● Exercise instructions
Word for word, copy the entire listing below, but do not carry over any pictures.

● Supplied information

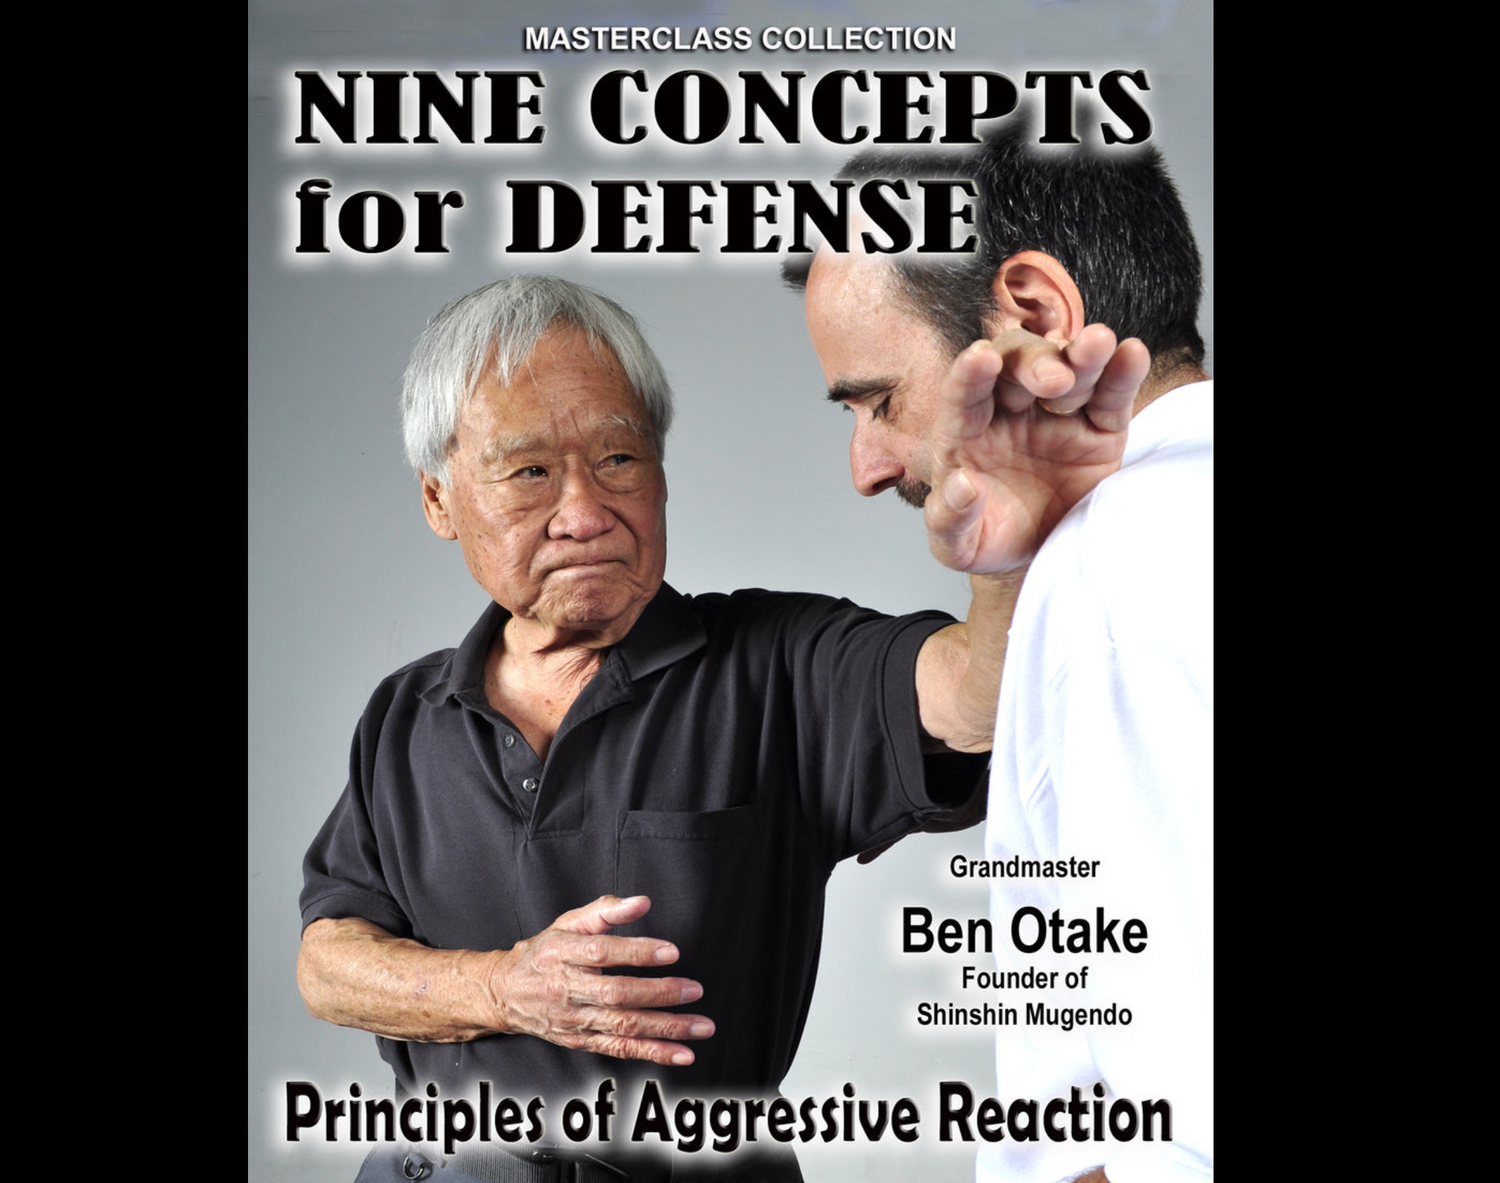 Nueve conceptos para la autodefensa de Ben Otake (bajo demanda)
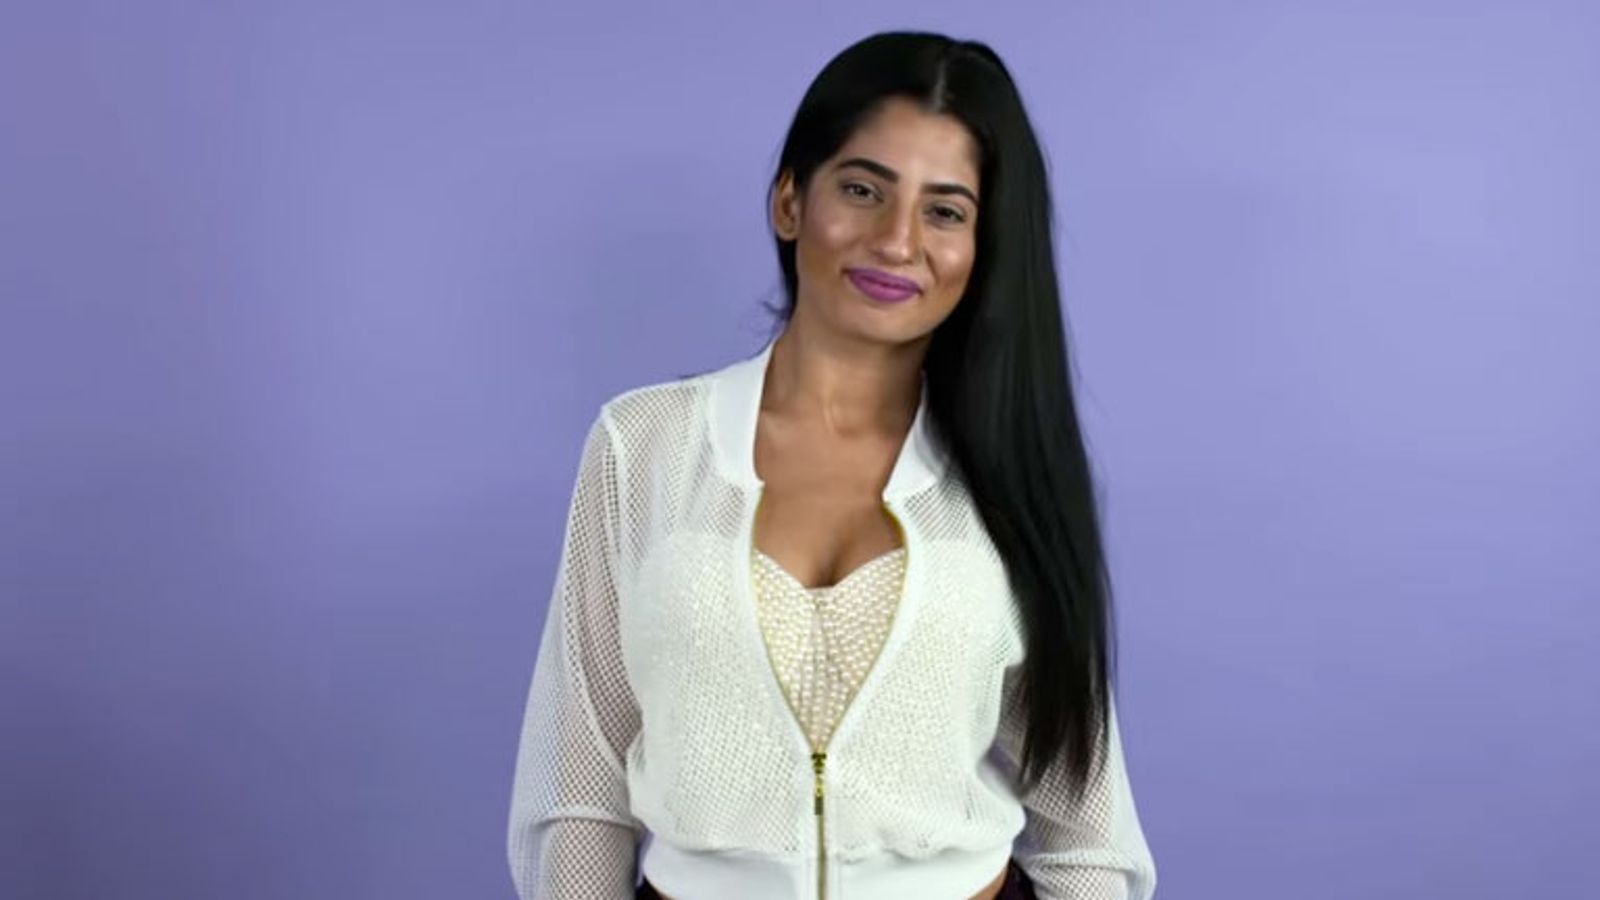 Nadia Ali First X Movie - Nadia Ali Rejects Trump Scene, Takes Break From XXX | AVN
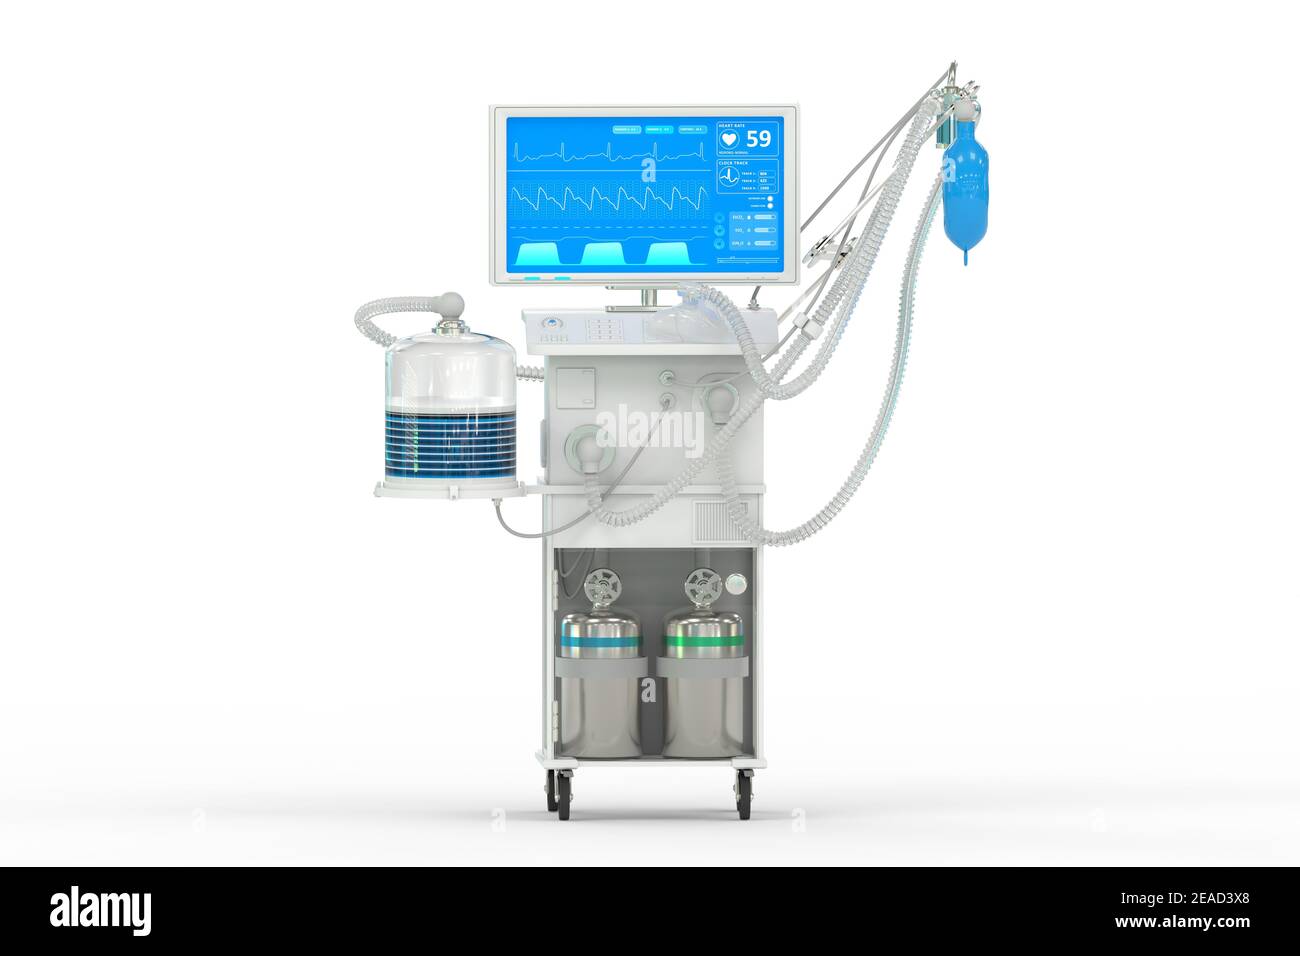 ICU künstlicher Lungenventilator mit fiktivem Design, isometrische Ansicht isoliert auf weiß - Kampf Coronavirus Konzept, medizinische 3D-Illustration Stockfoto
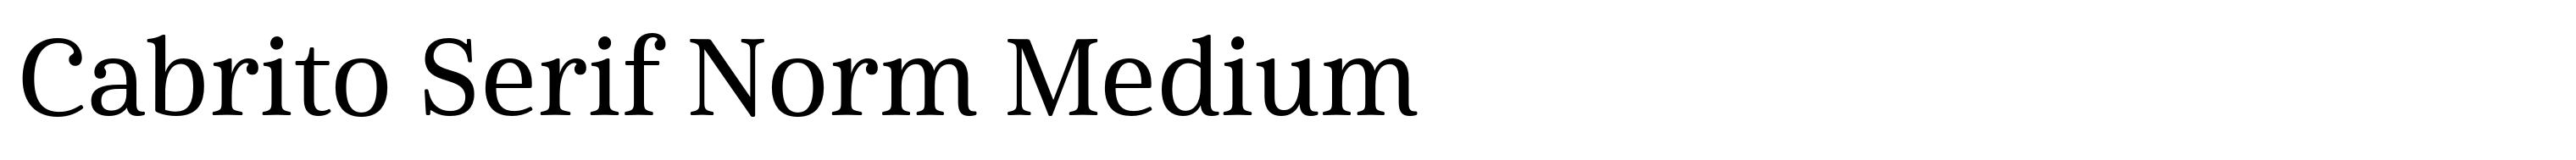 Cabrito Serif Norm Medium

● Output of the task
 Nueve conceptos para la autodefensa de Ben Otake (bajo demanda)
 Nadia Ali First X Movie - Nadia Ali Rejects Trump Scene, Takes Break From XXX | AVN
 ICU künstlicher Lungenventilator mit fiktivem Design, isometrische Ansicht isoliert auf weiß - Kampf Coronavirus Konzept, medizinische 3D-Illustration Stockfoto
 Cabrito Serif Norm Medium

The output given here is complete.